→ **REQUIRED ACTION**
The required output is the run of lines from the one holding "Dev Trabzonspor bayrağı" through the final line of the listing, restated word for word, with no pictures.

→ **INPUT DATA**
■ ■ ■ ■ ■ ■ ■

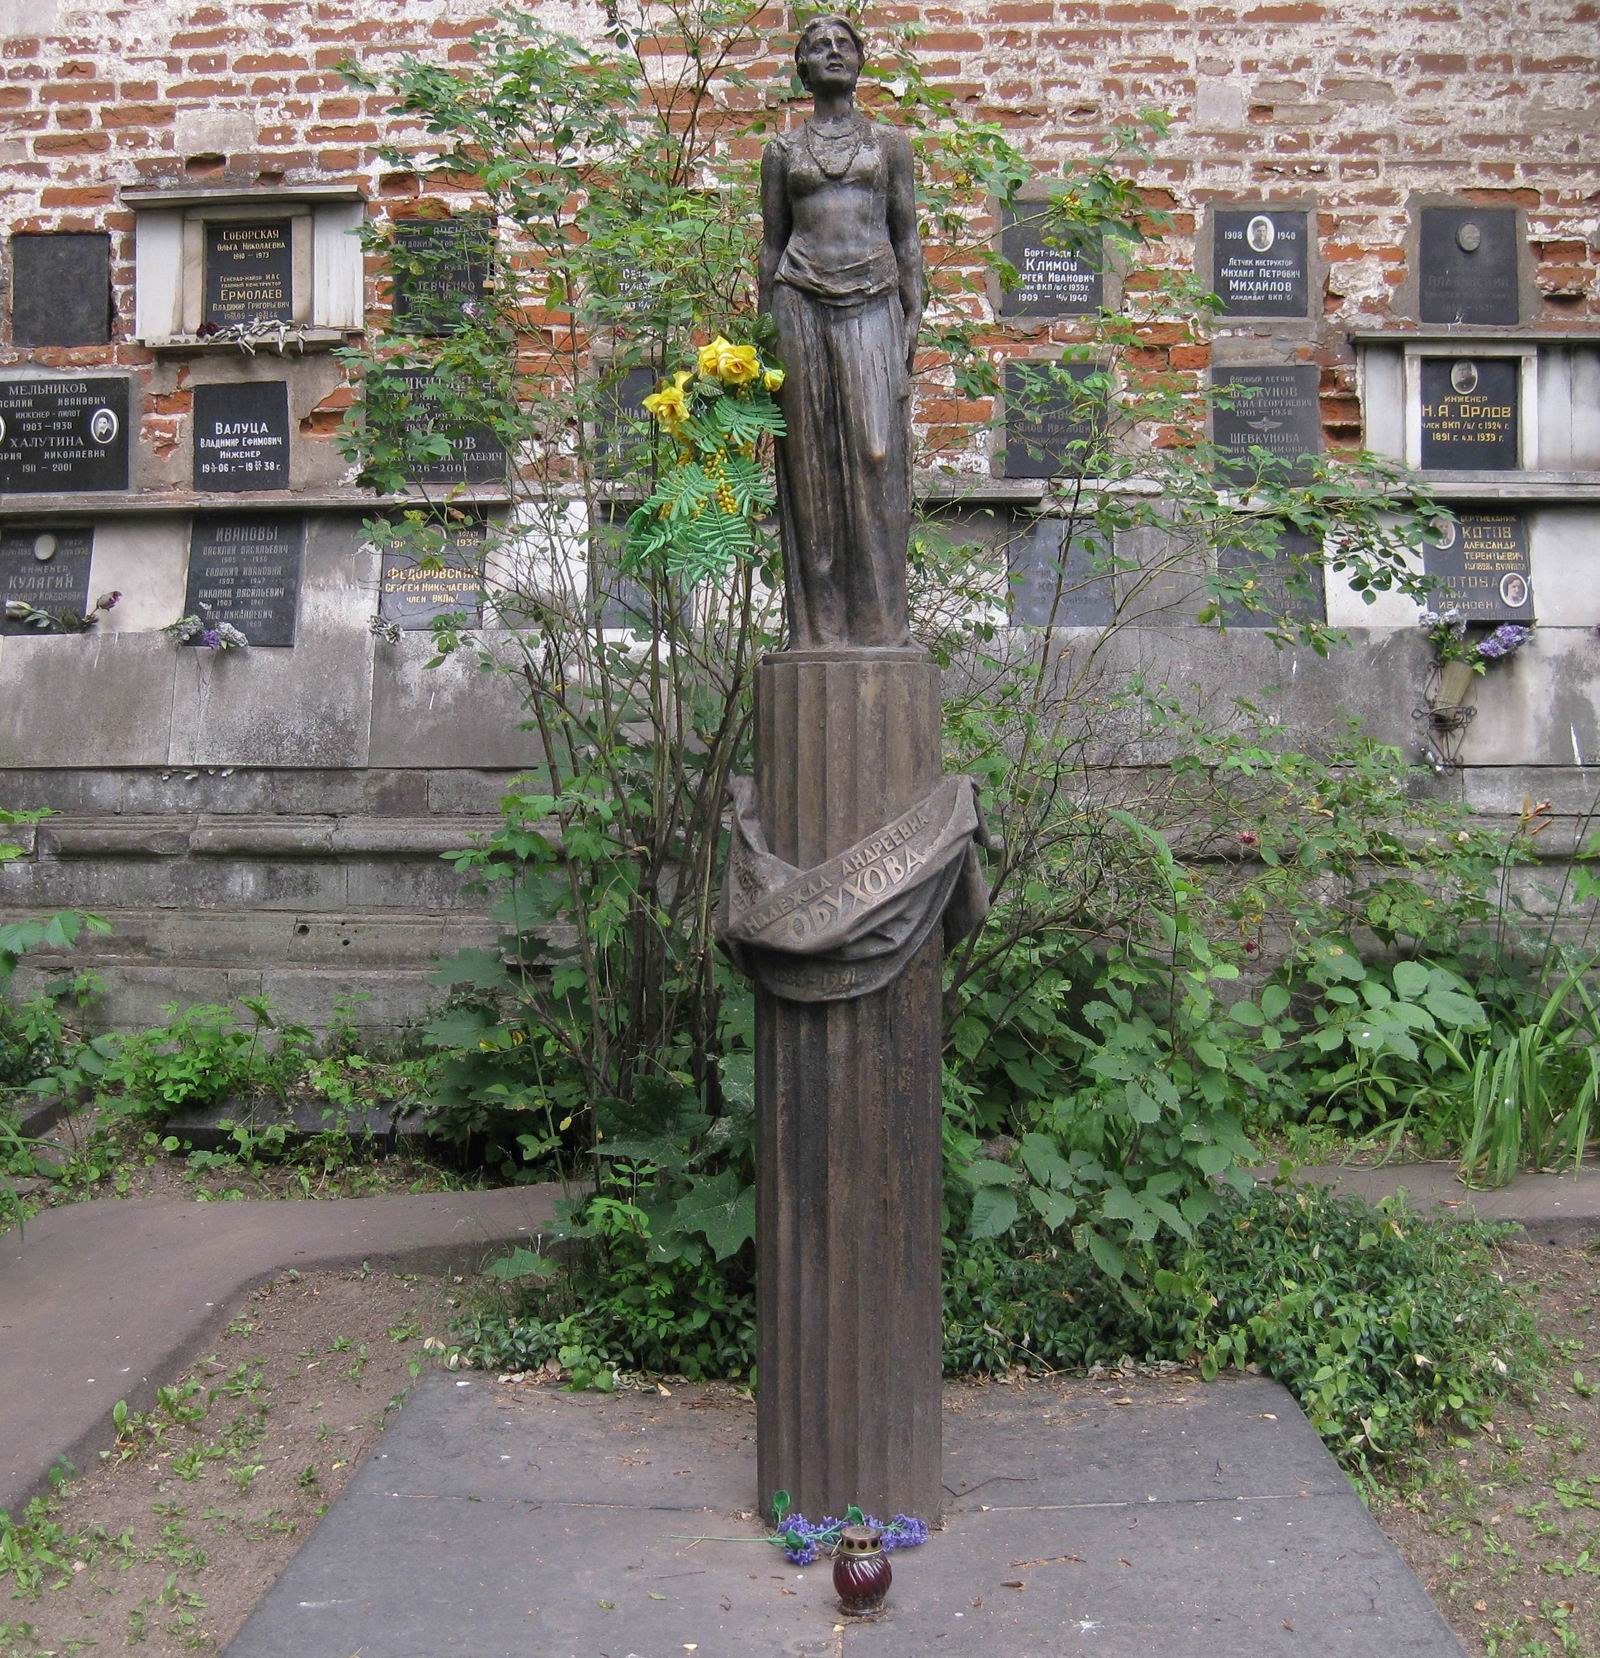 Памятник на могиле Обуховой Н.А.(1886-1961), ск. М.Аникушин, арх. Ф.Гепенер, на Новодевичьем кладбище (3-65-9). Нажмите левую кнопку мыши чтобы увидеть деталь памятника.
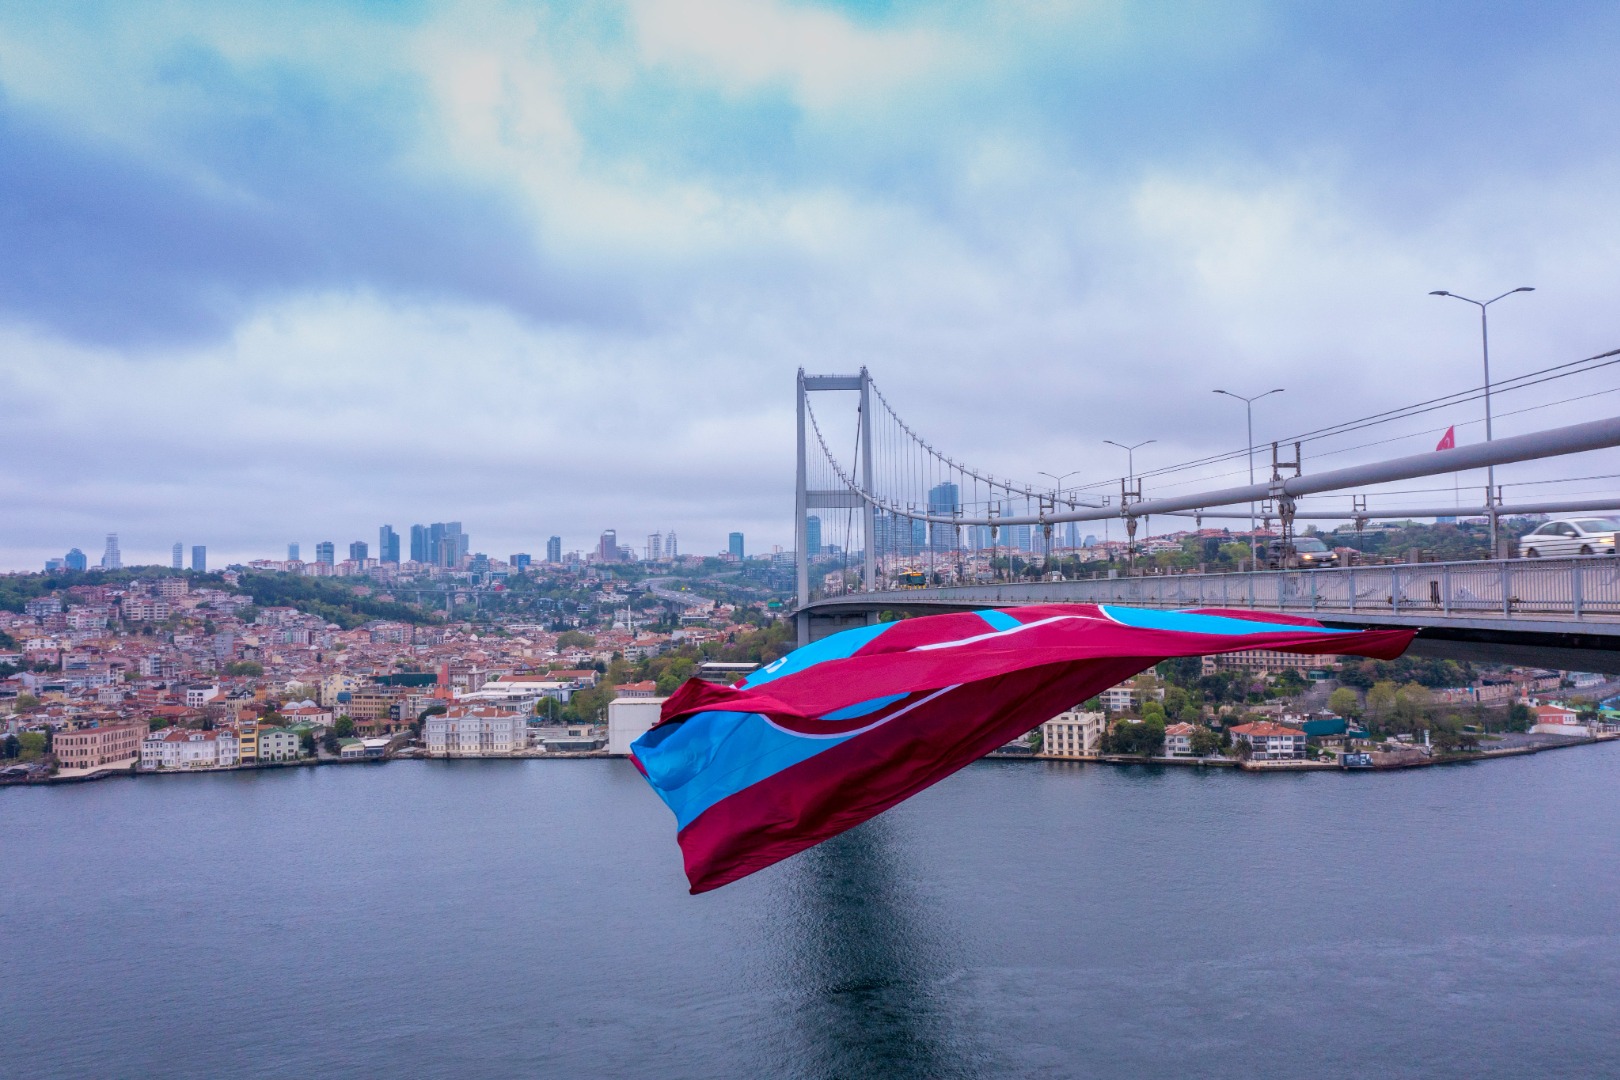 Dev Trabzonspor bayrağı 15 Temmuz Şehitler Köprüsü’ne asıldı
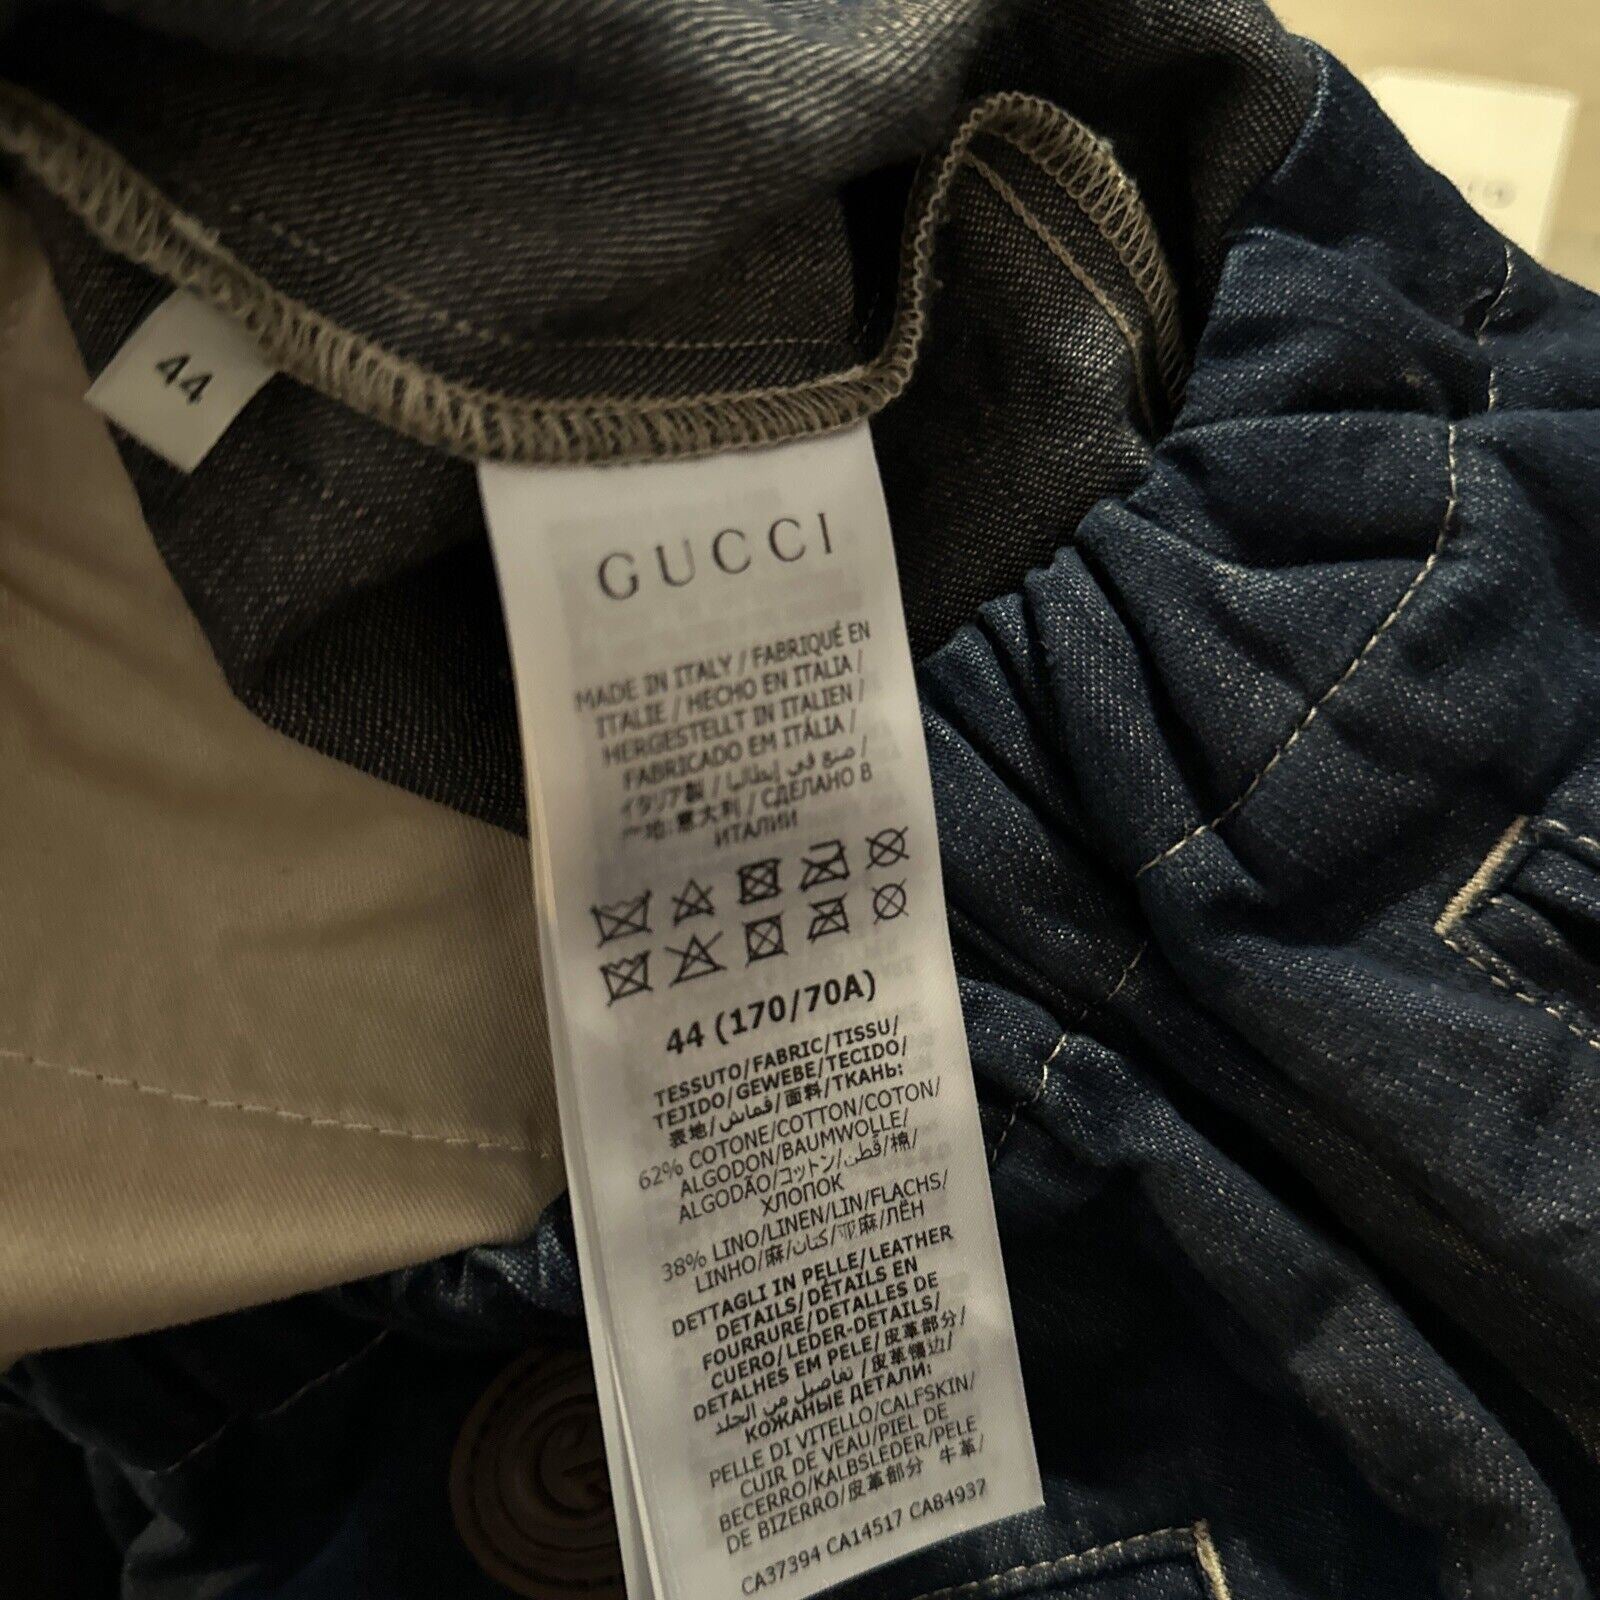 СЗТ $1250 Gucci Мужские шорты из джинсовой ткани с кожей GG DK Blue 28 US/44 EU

■ ■ ■ ■ ■ ■ ■

→ **REPLY TO THE TASK**
 Dev Trabzonspor bayrağı 15 Temmuz Şehitler Köprüsü’ne asıldı
 СЗТ $1250 Gucci Мужские шорты из джинсовой ткани с кожей GG DK Blue 28 US/44 EU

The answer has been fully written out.